2. **No authentication required = rapid escalation.** Since both flaws are unauthenticated, attackers don’t need to guess passwords or bypass multi-factor authentication. That bypasses one of your key defenses.
3. **Initial access is only the beginning.** After gaining access, attackers often load tools like Cobalt Strike or Meterpreter to maintain persistence and lateral movement. This turns an initial breach into a full-blown incident.

Here’s a breakdown of how these exploits unfold:

– **Step 1:** Vulnerability scan identifies an exposed system (e.g., CentreStack server).
– **Step 2:** Public exploit code is executed, taking advantage of the upload handler or CWP panel.
– **Step 3:** Malicious payload is delivered and executed—no user interaction needed.
– **Step 4:** Control of the server is gained, logs potentially wiped, alerting mechanisms disabled.
– **Step 5:** Secondary objectives carried out—ransomware deployment, credential harvesting, or backdoor installation.

One key reason these types of attacks succeed is slow patch adoption. According to a 2023 Ponemon study, 56% of organizations take more than five days to apply even critical patches. That’s five days too many when exploitation begins within hours.

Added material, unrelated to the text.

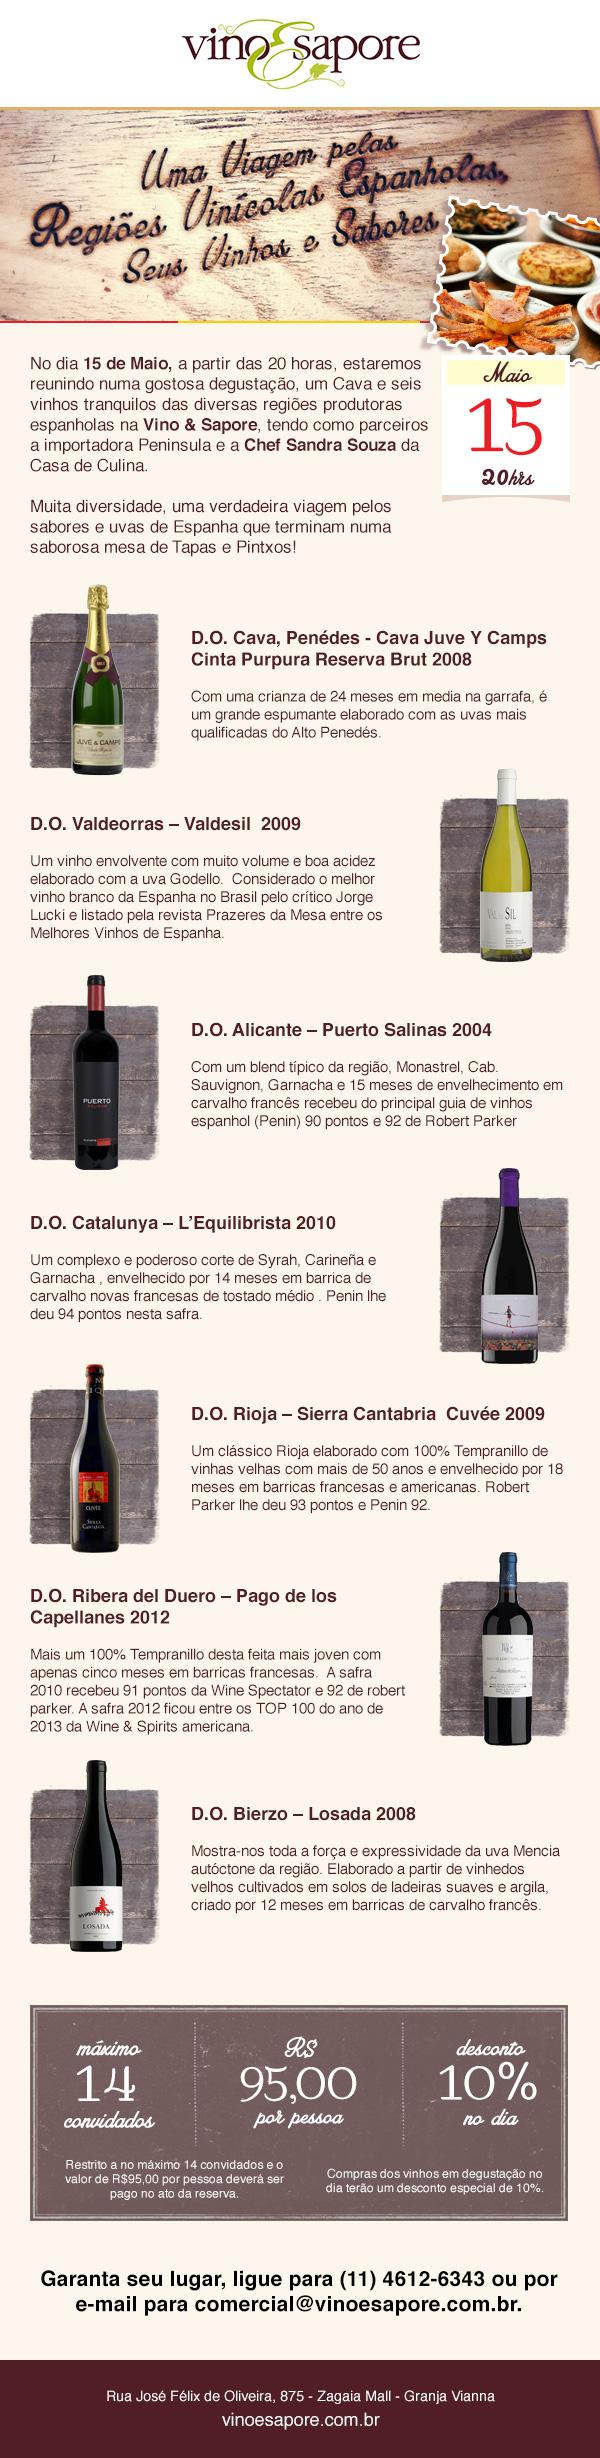 Espanha_Vinhos_Sabores_2

**What Security Teams Should Do Right Now**

The good news: both vulnerabilities have patches available. The urgent task is ensuring they’re applied without delay. Here’s what you need to do:

**1. Identify Affected Assets**
– Conduct asset discovery scans for CentreStack and CWP deployments.
– Review cloud configurations and on-prem services—these platforms are commonly self-hosted and outside traditional patching workflows.

**2. Patch Immediately**
– For CentreStack, update to the latest version released by Gladinet (check your version using the CentreStack admin console).
– For CWP, update to at least version 0.9.8.1147, which contains the fix.

**3. Review Logs for Signs of Exploitation**
– Look for unusual activity involving `Upload.ashx` (CentreStack) or suspicious PHP requests to the CWP panel.
– Check for new admin users created, unexpected restarts, or base64-encoded inputs (a common signature in command injection).

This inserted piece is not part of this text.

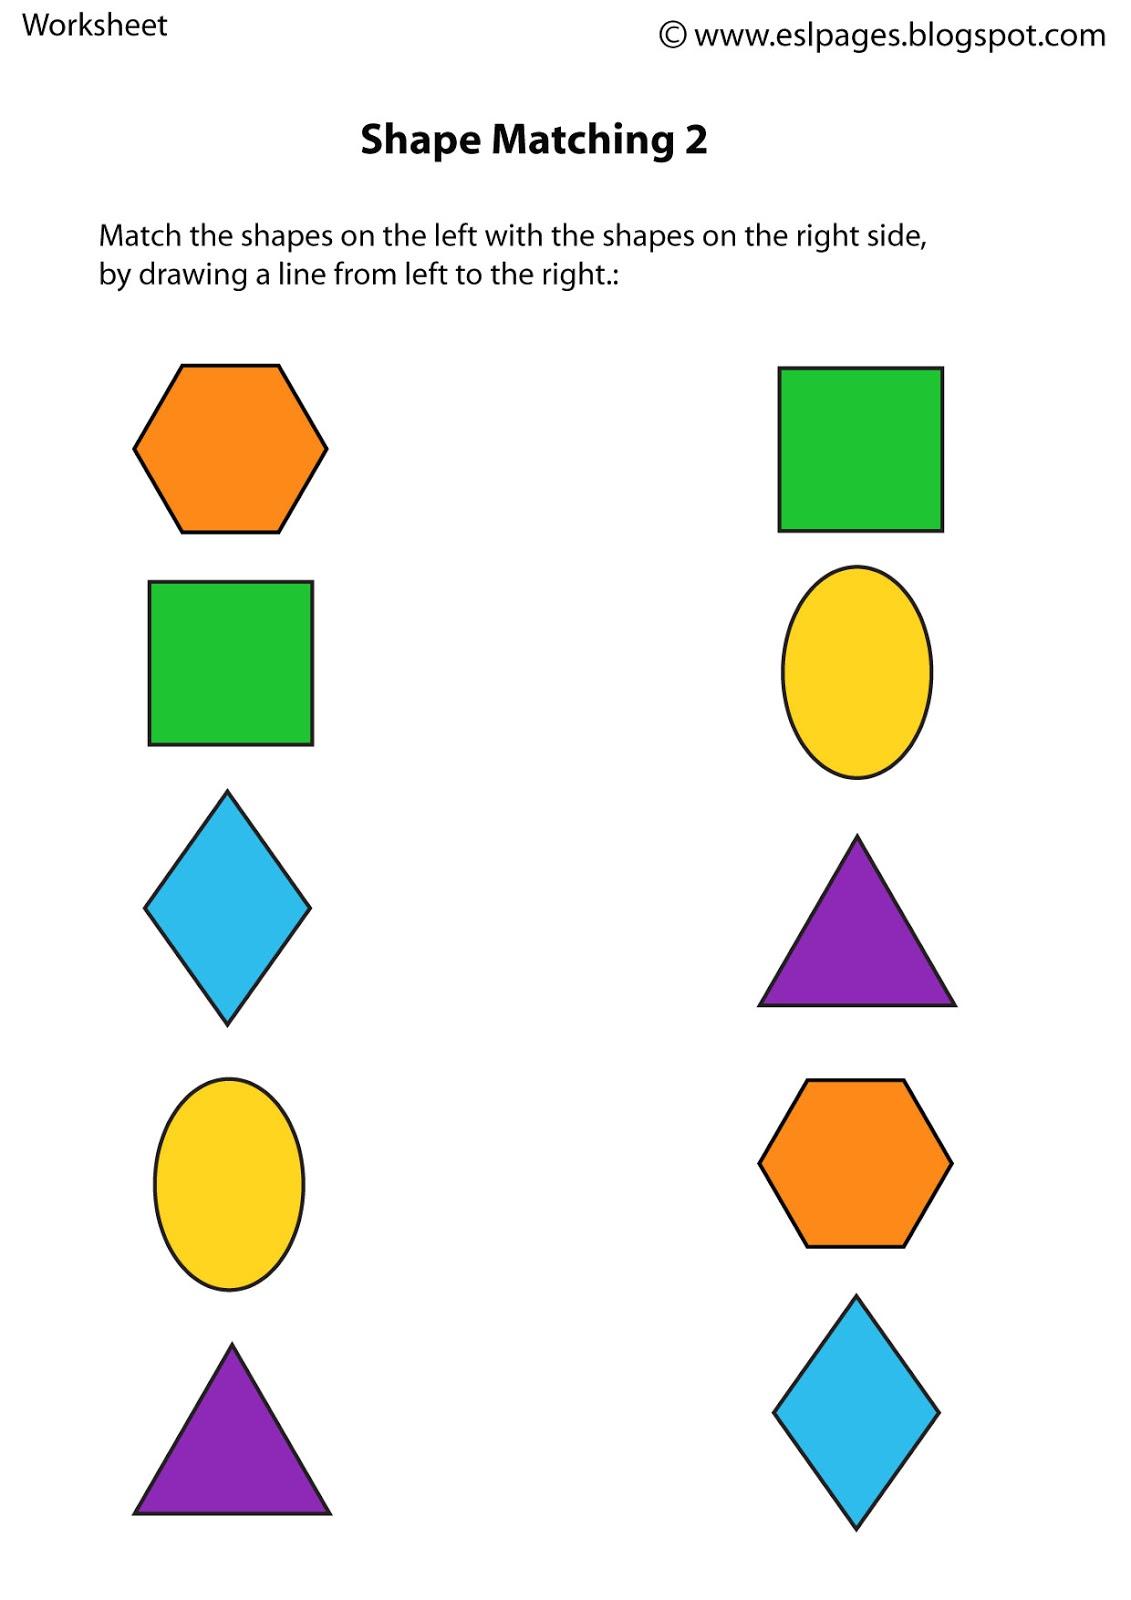 Worksheet Matching Same Color

**4. Harden Your Environment**
Even after patching, secure your perimeter:
– Implement strict firewall rules and limit public-facing admin panels.
– Consider isolating CentreStack and CWP instances from critical network segments.
– Enforce strong endpoint detection and response (EDR) solutions.

**5. Pay Attention to KEV Catalog Updates**
The KEV catalog is one of the most valuable but underutilized resources. You and your team should:
– Subscribe to CISA alerts for immediate visibility.
– Integrate KEV watchlists into your SIEM or vulnerability management tools.
– Prioritize remediation of newly added entries immediately, not eventually.

**Conclusion: React Faster Than the Attackers**

When CISA adds a vulnerability to its Known Exploited Vulnerabilities catalog, it’s more than a bureaucratic update—it’s a flashing siren for security leaders and IT teams. With CentreStack and CWP now officially on that list, delaying action increases your organization’s risk profile in measurable ways.

You don’t need a full architectural overhaul—just focused, urgent action:
– Find where these services exist in your environment.
– Apply patches now—not next week.
– Monitor and hunt for signatures of recent exploits.

At a time when speed defines both the attacker and defender advantage, your ability to respond quickly is what protects your systems, your data, and your customers. So take this update seriously—and make sure your team does, too.

**Next Steps:**
– Schedule a rapid-response meeting to review exposure across your IT assets.
– Designate KEV monitoring as an operational priority.
– Use this incident to develop or refine your zero-day response playbook.

Vulnerabilities don’t rest. Neither can we.